With Spring Fully Sprung, County Land Use Re-Blossoms
By C.M. Mattessich
During the week April 30-May 6, more than 145 deeds were recorded at the County Clerk’s Office evidencing property sales throughout the county.  The transactions had a cumulative value of more than $73 million.
In a corresponding period last year, April 28-May 4, deeds representing almost $100 million in property transfers were recorded.  This year’s lesser total reflects the market slowdown occurring on a nationwide basis, with $73 million remaining a significant, and positive, performance for Cape May County.
Last year at this time, the Herald was reporting on Grande Properties LLC’s sale of approximately $8.7 million in Rio Grande land parcels to Beazer Homes, for development of an age-restricted housing project.  Beazer has made substantial progress on the project, with eight deeds for completed homes recorded in recent weeks.

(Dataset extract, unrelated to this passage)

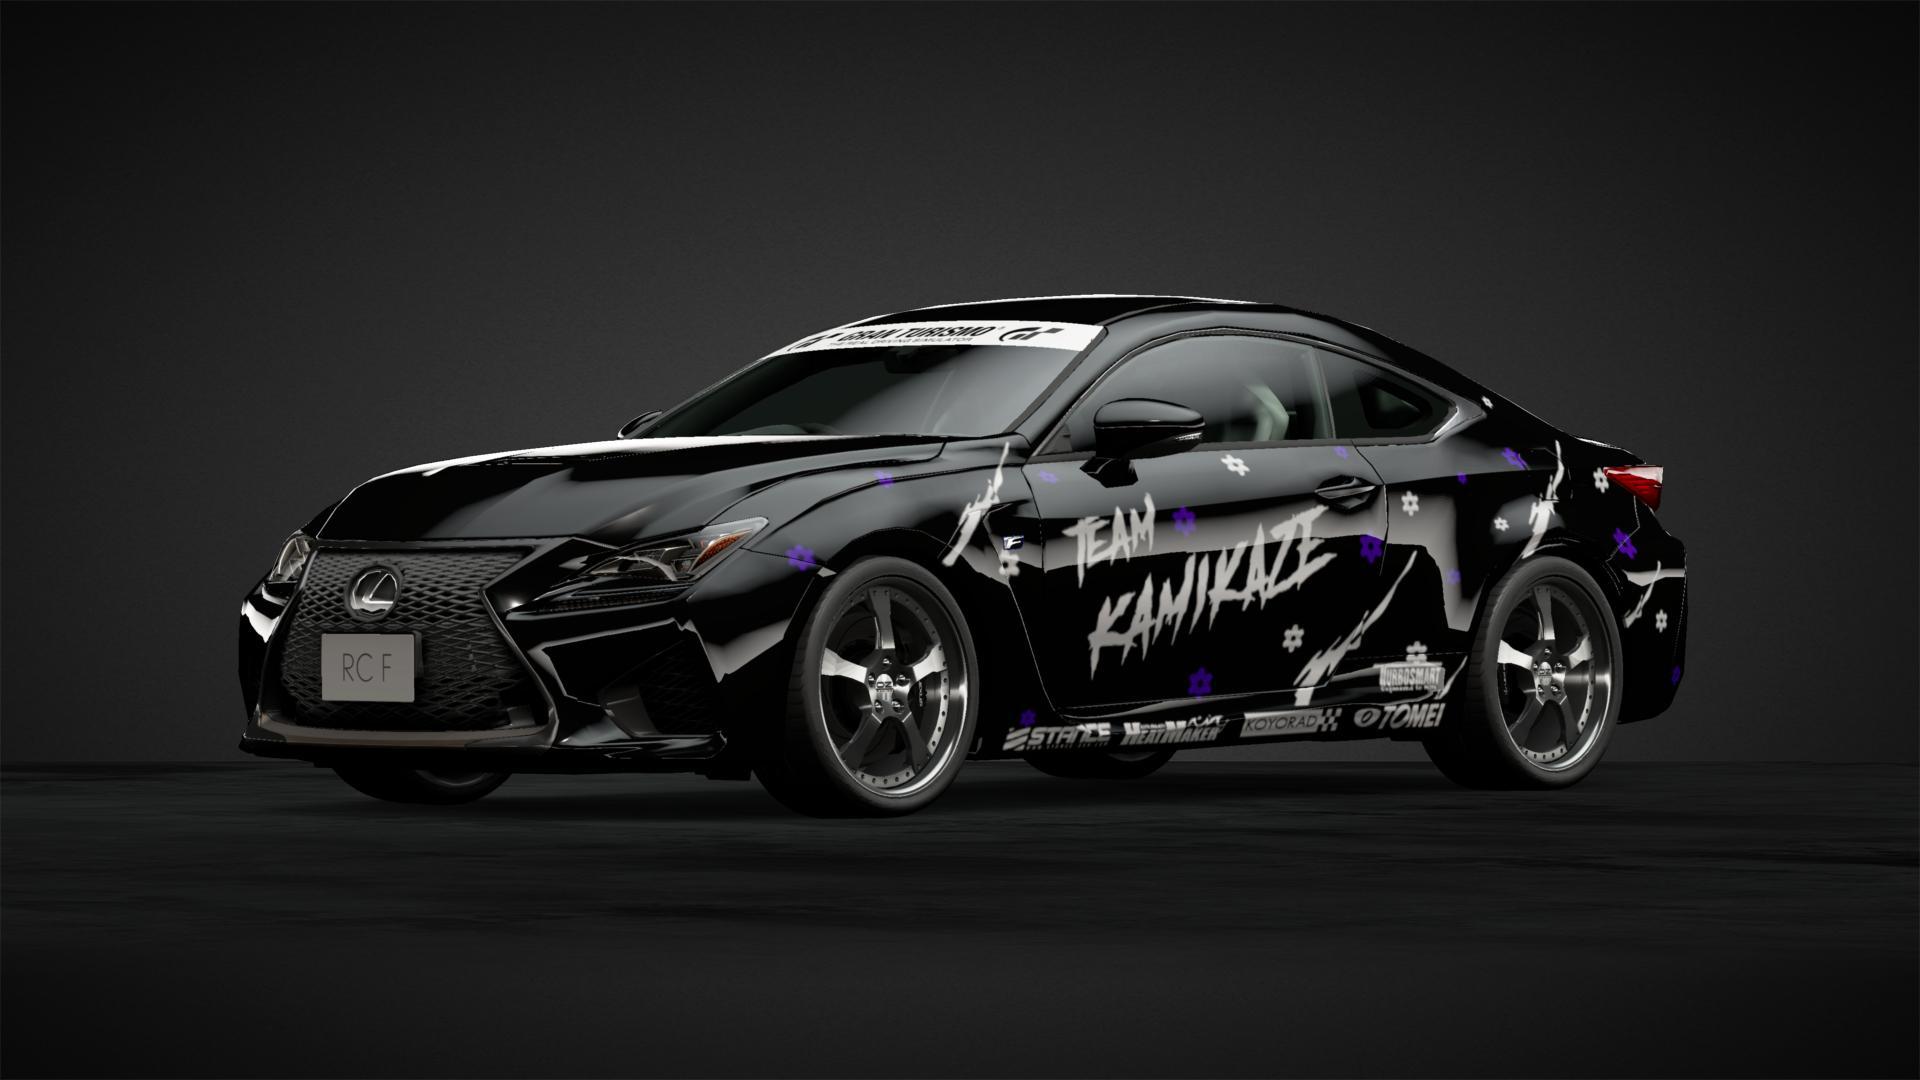 Team Kamikaze Car Livery By Aao Maty Community Gran Turismo

Additional developers have flowed into mainland portions of the county over the past year, and work proceeds apace on projects such as Ryan Homes’ development of a 27-acre parcel off Indian Trail, at the site of the former MacGregor farm (pictured).  The parcel was purchased in March 2005 for $1.1 million by local developer Pennsylvania Avenue Development LLC.
Last week’s deeds identified buyers whose hometowns range from Florida to New York.  The great majority of buyers, however, continue to come from Pennsylvania and New Jersey.  The New Jersey towns of Cherry Hill, Marlton, Mount Laurel, and Sewell, provided multiple purchasers in last week’s group, as did the Pennsylvania vicinages of Berwyn, Downingtown, Doylestown, Malvern, Philadelphia, and West Chester.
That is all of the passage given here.